【5/2日本市場の確認ポイント】
日経平均 29157.95(+0.12%)[29,083~29,278]
TOPIX 2075.53(▲0.12%)[2,068~2,084]
マザーズ 744.15(+0.33%)[735~745]
値上がりセクターTOP5
1.精密機器(+1.58%)
2.医薬品(+0.75%)
3.電気機器(+0.50%)
4.情報・通信(+0.29%)
5.鉱業(+0.27%)
値下がりセクターTOP5
1.不動産(▲1.45%)
2.証券・商品先物(▲1.38%)
3.海運(▲1.03%)
4.その他金融(▲0.82%)
5.食料品(▲0.80%)
日本市場は大型連休を前に様子見ムードが広がりつつも、日経平均は4日続伸で年初来高値を更新。TOPIXも高く寄付き年初来高値を更新してみせたものの、連休前の売り圧力に押され早々に前日比マイナス圏に沈みました。米半導体株の一角が逆行高した動きを好感して日本の半導体関連株にも躍進が目立ち、決算材料も加味されたイビデン(4062)が東証プライム値上がりトップと急伸。

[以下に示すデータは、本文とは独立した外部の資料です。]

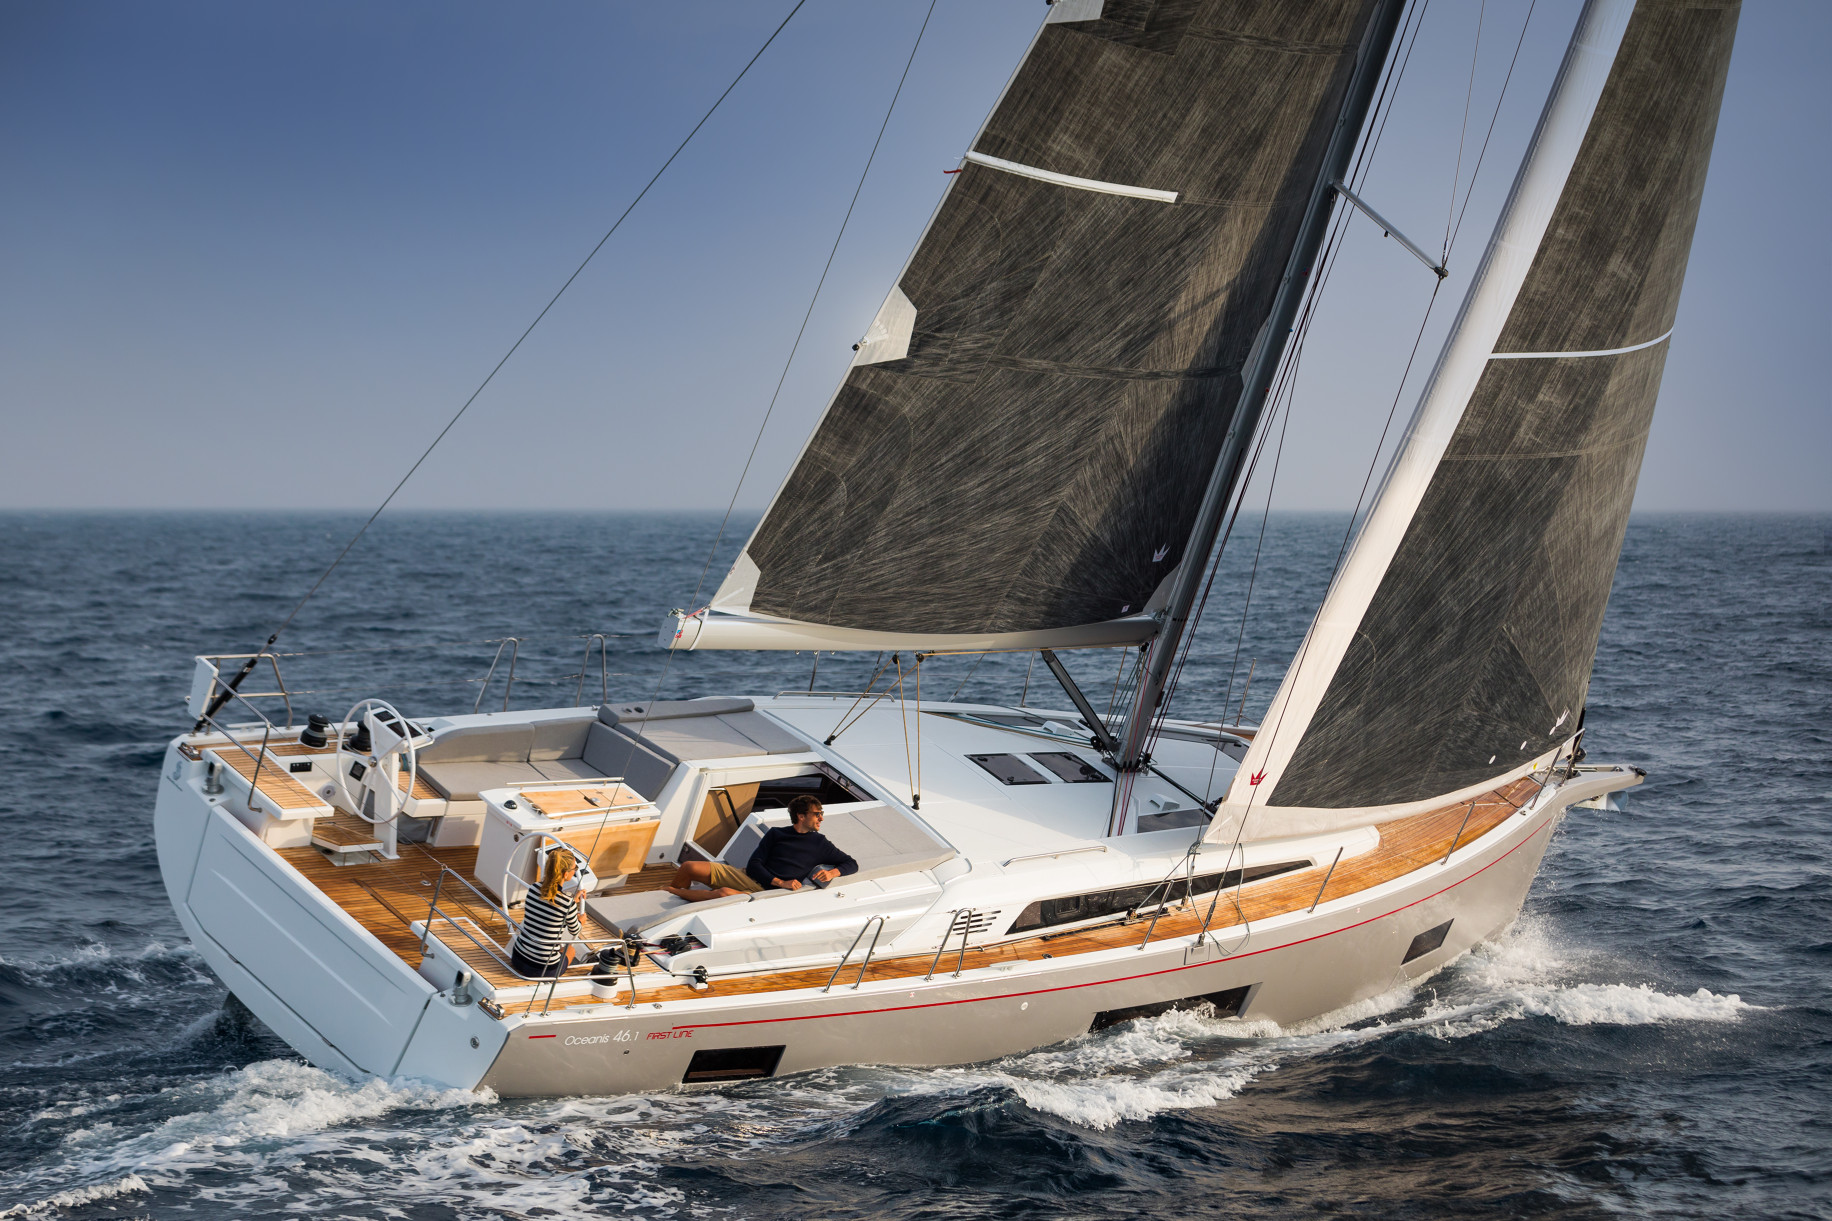 Beneteau Oceanis 46 — Distinguished Performance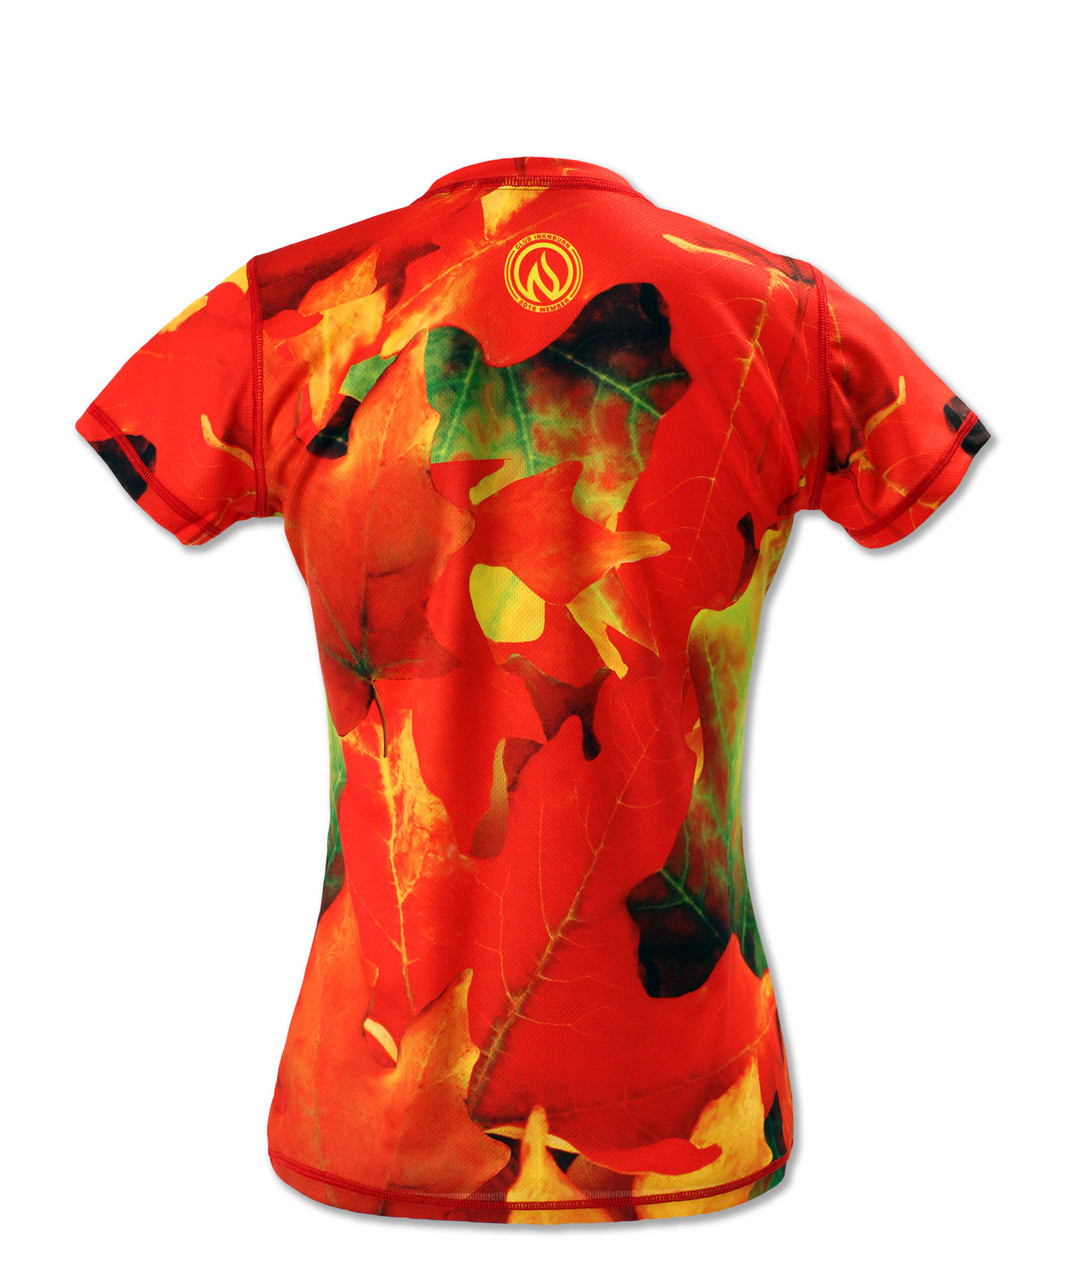 INKnBURN Women's Club INB Fall Tech Shirt Back

米FRBの追加利上げ観測から為替は円安が一段と進み、ドル円は137円台をつけましたが自動車株は利益確定売りに押されました。海運株も商船三井(9104)の今期ガイダンスが嫌気されて反落し、円安恩恵銘柄の動きが軟調。他に商社株や不動産株、百貨店株や食品株など足元で買われてきた銘柄に対する利益確定売りが鮮明になりました。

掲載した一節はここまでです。